Hal ini seperti yang disampaikan oleh drh. Christina Dewi Pusparini, selaku Animal Health & Technical Service Poultry Breeder Farm (Parent Stock Broiler), East Indonesia Area, PT Charoen Pokphand Jaya Farm dalam mengisi sebuah seminar dengan tema “Manajemen Penetasan Telur Ayam Broiler”. Dalam acara yang terselenggara secara daring melalui aplikasi Zoom ini, diselenggarakan oleh  Kelompok Studi Perunggasan (Kesper), FKH Universitas Brawijaya, Malang, Minggu (28/8).
Menurut Christina, ada sejumlah penyakit yang bisa ditularkan secara vertikal seperti penyakit yang disebabkan oleh Mycoplasma gallisepticum atau bisa juga disebabkan oleh Fowl Adenovirus. Oleh karena butuh antisipasi agar penyakit ini tidak terjadi.

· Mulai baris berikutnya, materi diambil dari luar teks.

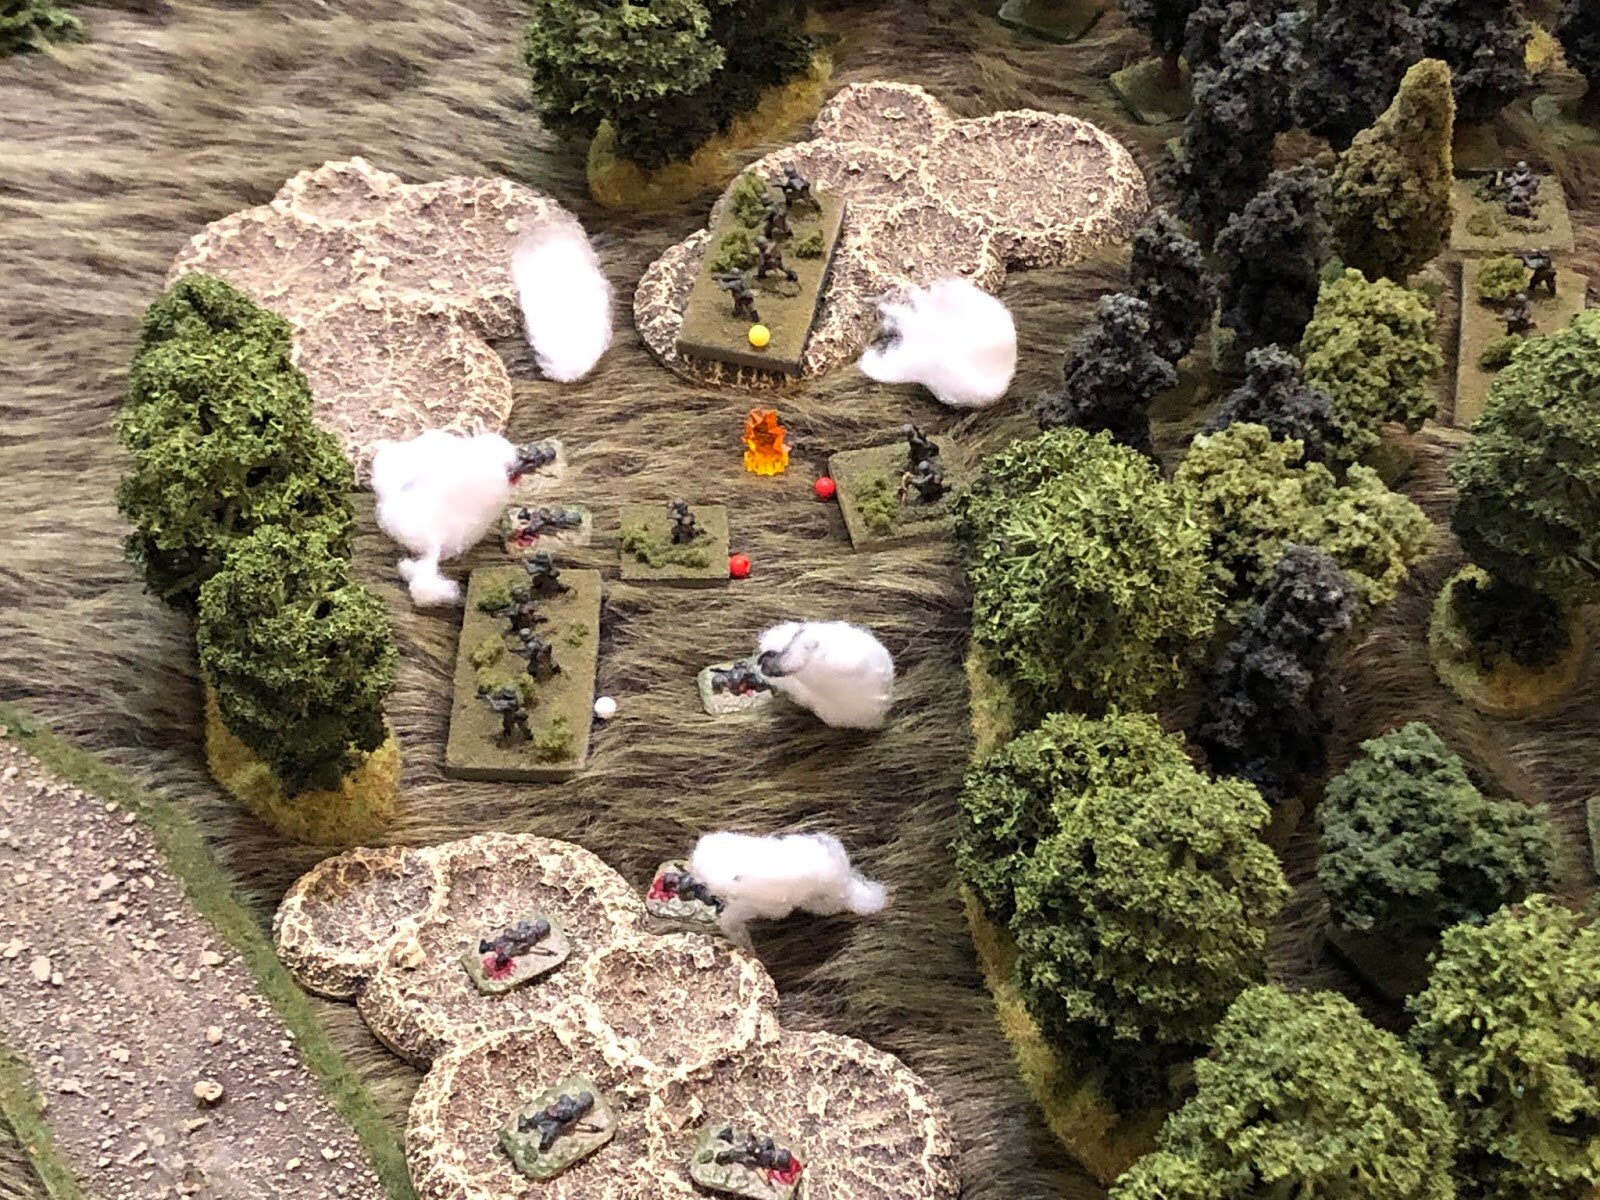  But then a fresh round of Soviet artillery crashes into the woods!  
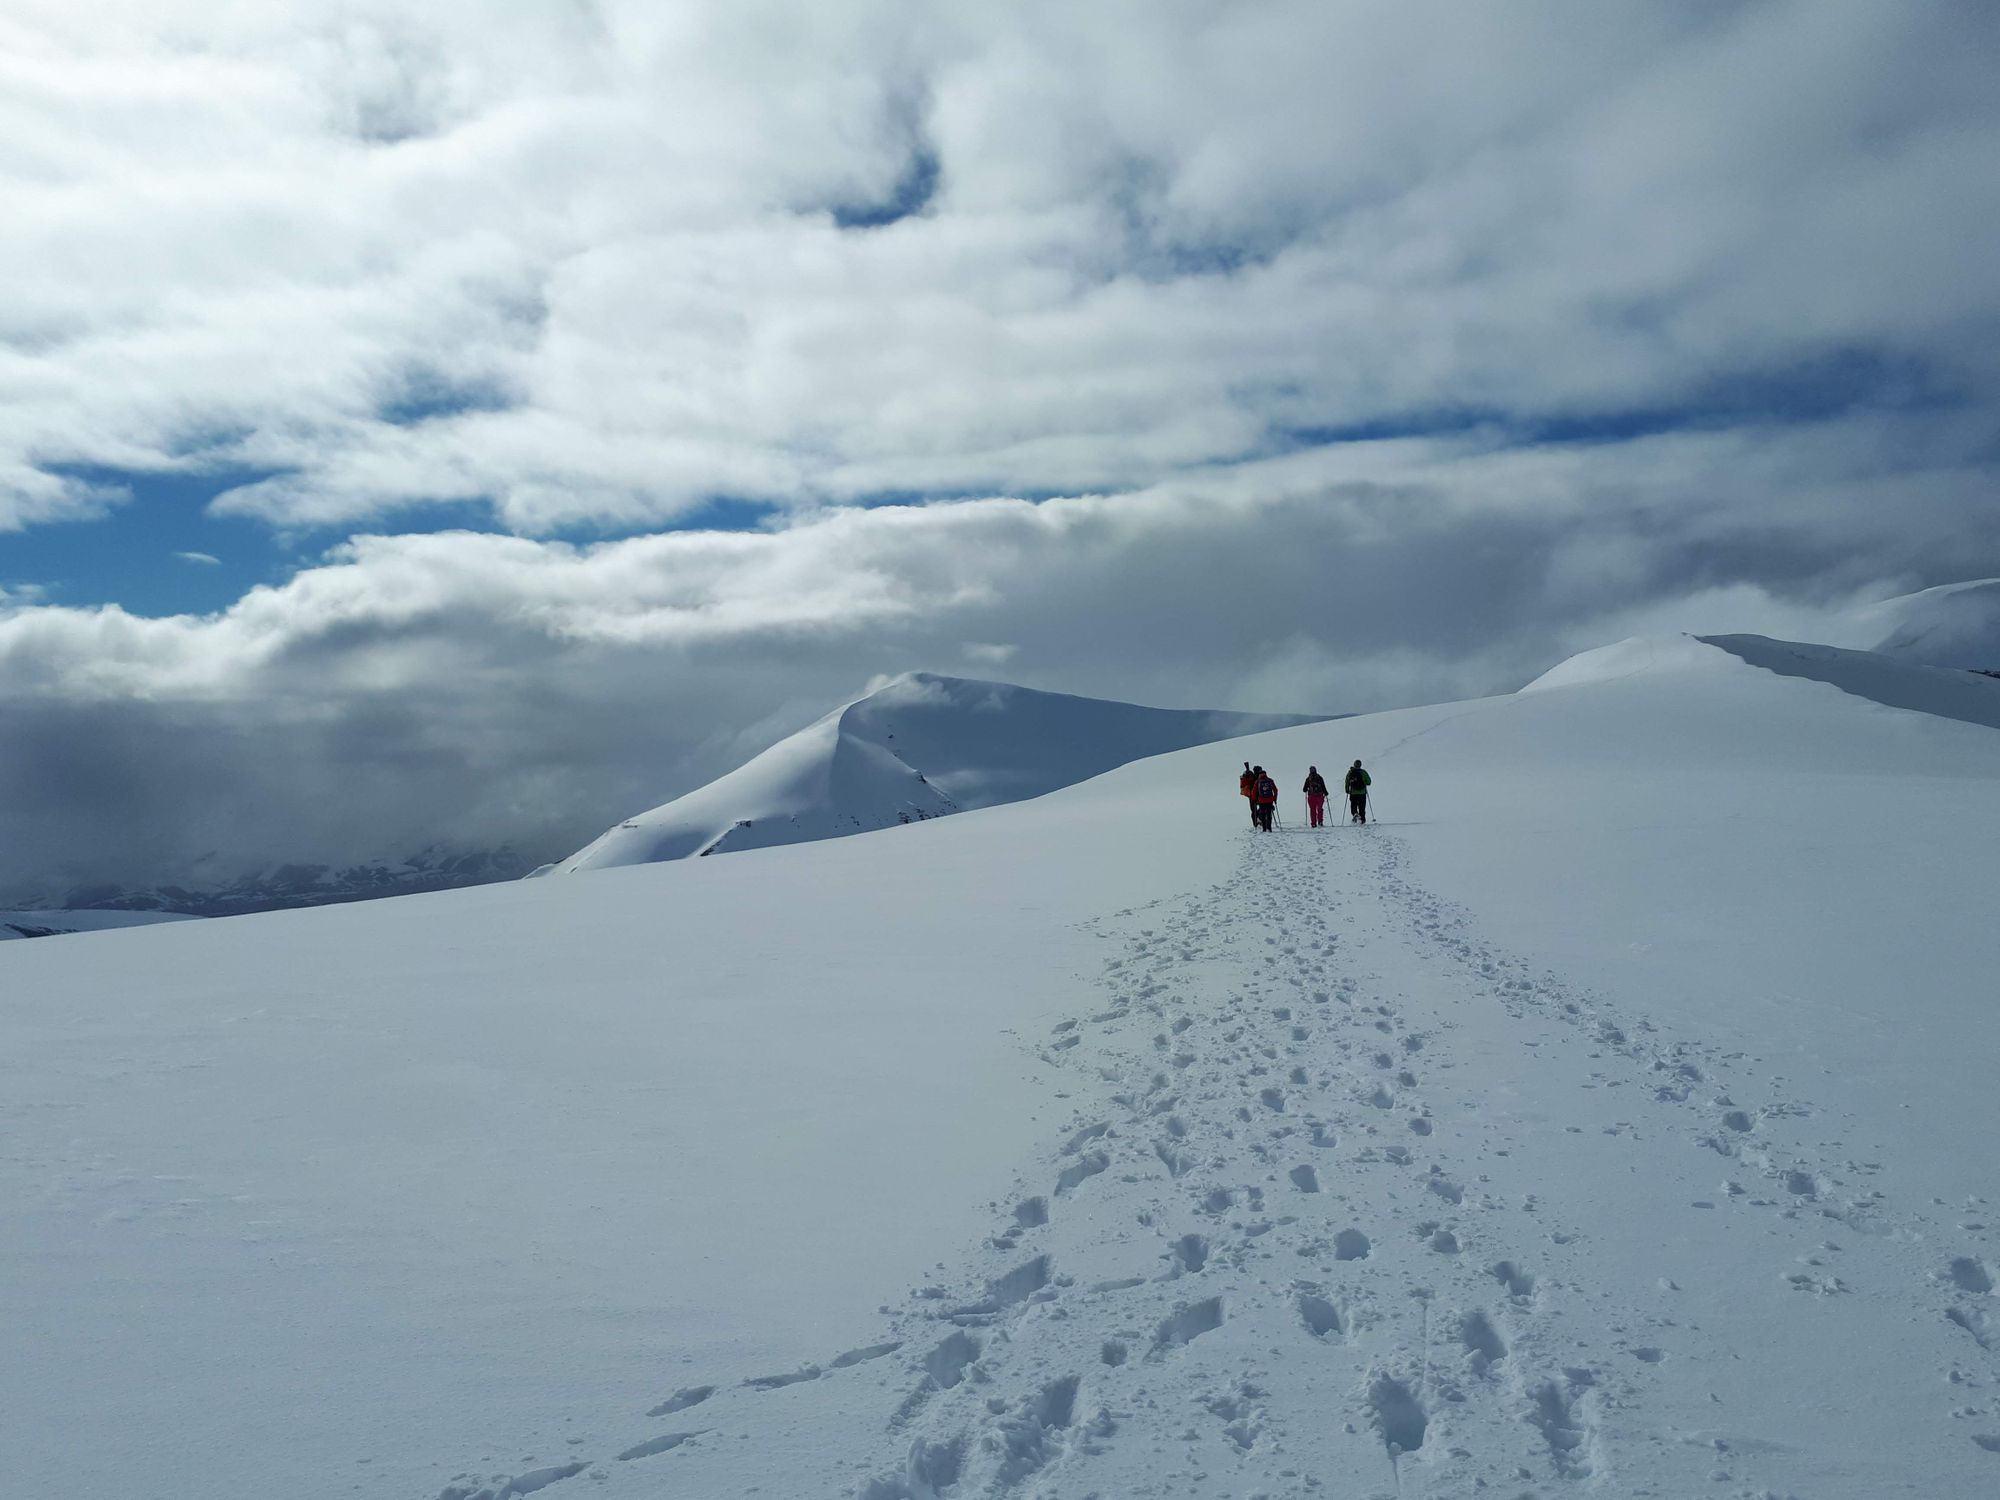 A group of hikers in the snow near Longyearbyen, Svalbard.

Baca Juga: Peduli Stunting, Ismapeti dan NFA gelar Aksi Gizi
Dirinya melanjutkan bahwa langkah- langkah dalam pelaksanaan PEA adalah dengan mengumpulkan telur-telur yang sudah pipping, namun belum menetas sepenuhnya. Kemudian telur-telur tersebut dibuka, embrionya dikeluarkan dari cangkang telur kemudian dibersihkan kulit yang berada di dada dan perut. Pada bagian bawah tulang sternum dibuat potongan otot secara lateral (menyamping), membuat belahan pada bagian tengah sternum, kantong kuning telur dan usus dikeluarkan dari rongga perut, memotong usus, menarik tulang iga pada kedua sisinya serta kantong udara bagian depan dan melihat organ-organ yang lain.
“Jika pada kantong udara terdapat peradangan, maka ada indikasi ke penyakit yang disebabkan oleh Mycoplasma. Jika pada gizzard terdapat erosi, maka ada indikasi ke penyakit yang disebabkan oleh Adenovirus,” tegasnya.